Darren Stockford

A date with Diary Of The Dead

Poster for Diary Of The DeadThe nice lady in the chemist handed me a packet of travel sickness pills.

“These might make you drowsy. You’re not driving, are you?”

“No, I’m not driving.”

What I neglected to mention was that I wasn’t travelling at all - not in the physical sense, anyway. My plan was to pop a pill, sit in a darkened cinema and spend 90 minutes goggling George A Romero’s Diary Of The Dead - hopefully without puking at the handheld camera work that’s marred my enjoyment of recent, similarly styled films.

Romero’s fifth ‘Dead’ movie takes a year-zero approach to a worldwide zombie outbreak: it’s a reset for the series, rather than a continuation, and most of what’s on screen purports to be shot by the story’s characters. After the gloss of 2005’s Land Of The Dead, Diary is an attempt by Romero to return to his roots and make a truly independent, low-budget, interference-free zombie film.
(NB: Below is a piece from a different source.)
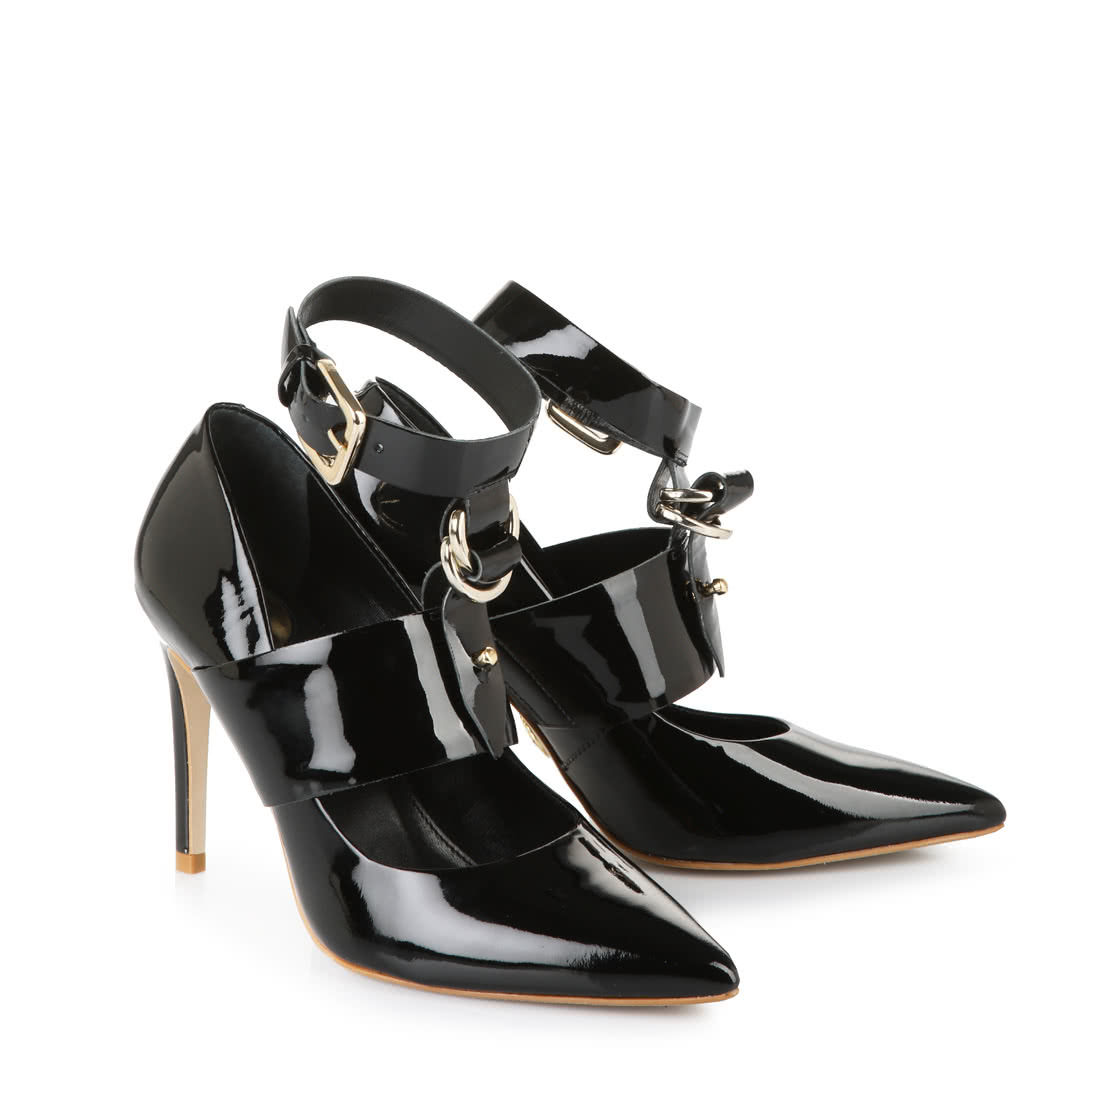 Bridal Shoes Low Heel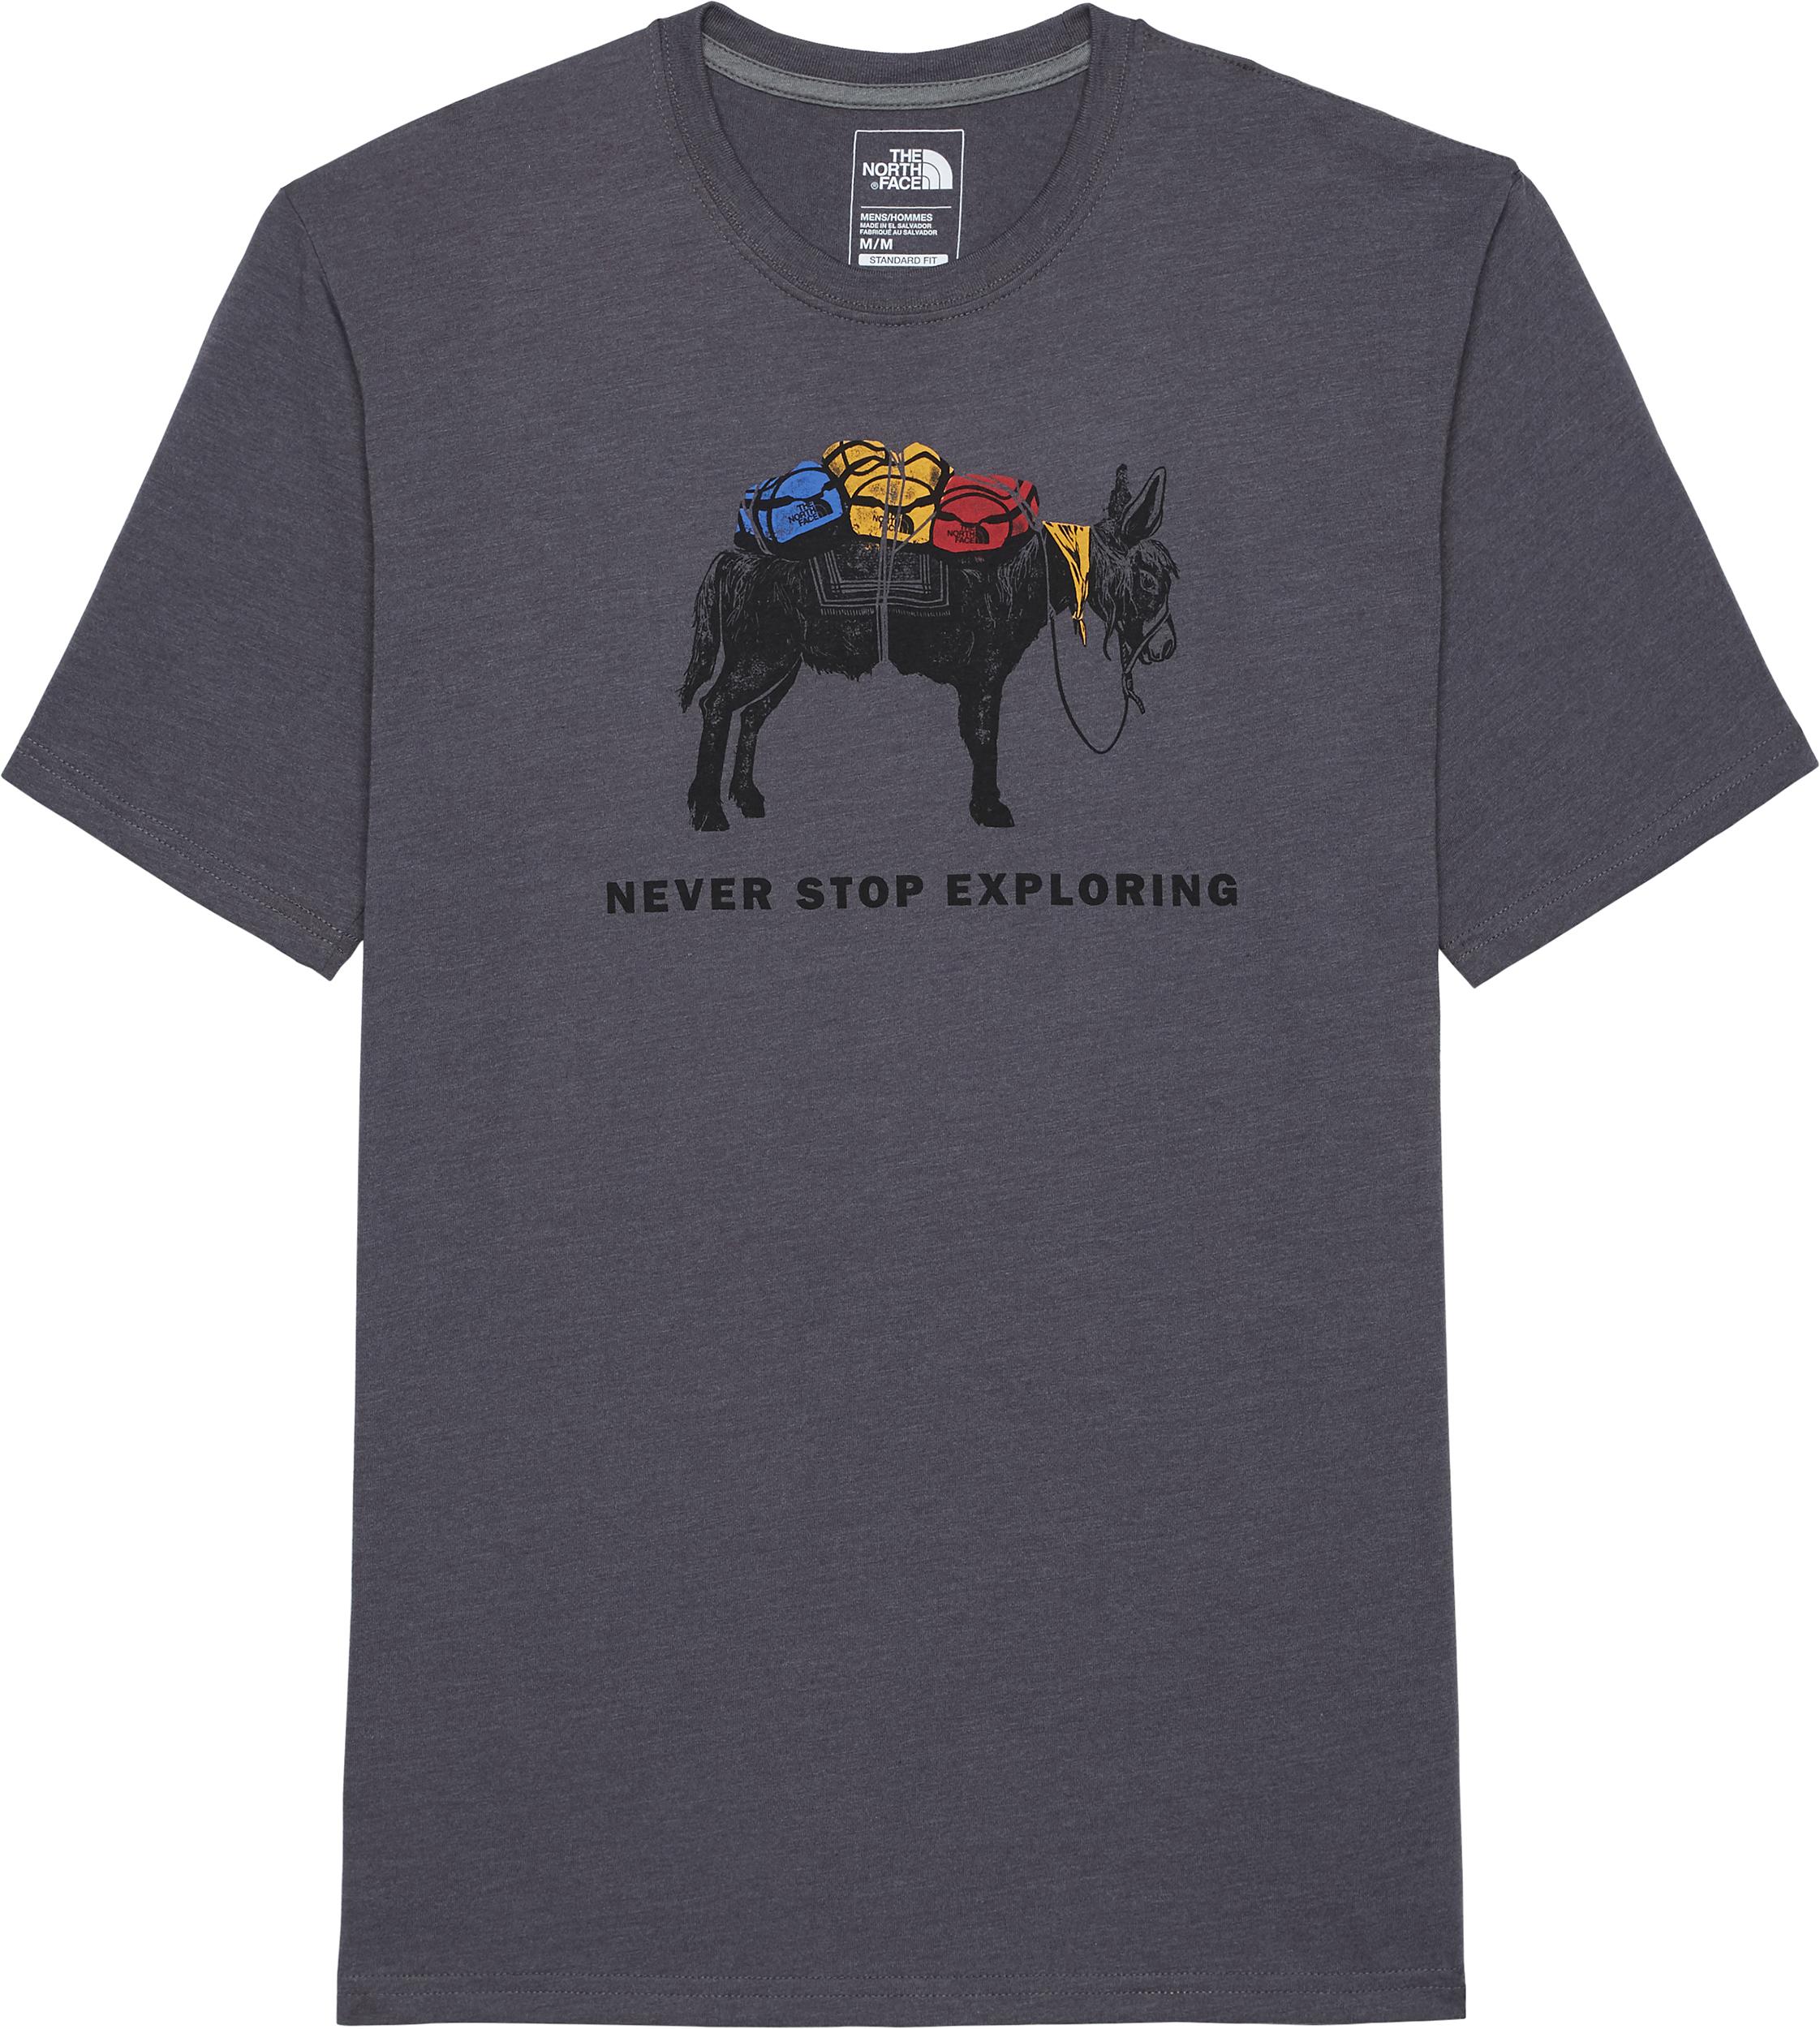 e62c14eb9 Men's Shirts and tops | MEC

The result is a densely packed, 90-minute road movie with more overt social commentary than any previous entry in the series (in parts there are shades of Cannibal Holocaust) - plus a glut of memorable images and inspired zombie deaths. Of course, you can take out a ghoul by simply shooting 'em in the head, but there are much more inventive ways to destroy their brains, so why not? The reboot takes Romero’s zombies back to their unthinking, instinctive, flesh-ripping best and even squeezes in a dig at fast-moving members of the undead.

For the most part, the human characters aren’t as well-defined as those from the original trilogy, or even Land, so when the inevitable happens it’s nowhere near as gut-wrenching as some of the demises from Night, Dawn and Day. But a few characters manage to make their mark beyond zombie bait, and no one can be labelled ‘annoying’, which is a blessing in a modern genre movie.

Unfortunately, the structure of the film - it’s presented as a film within a film, called The Death Of Death - gives away the fate of two characters. But the end still satisfies (I have to wonder whether a certain piece of wordplay was responsible for the whole idea), and the coda gives the audience one of the most memorable images from any of Romero’s zombie films to date.

Unfortunately, Matt Reeves’s Cloverfield, released in the UK a few weeks previously, has stolen some of Diary’s thunder - viewers are practically obliged to draw comparisons - and last year’s Brit production The Zombie Diaries was based on a very similar idea. It doesn’t matter who was first to produce a finished script; in the public’s mind the points for originality are awarded to the first film past the post. Diary Of The Dead must sink or swim purely on its execution. For this viewer, it swims.

Oh, and ‘look, Mum, no puke!’. Or drowsiness. Kwells: my new best friend.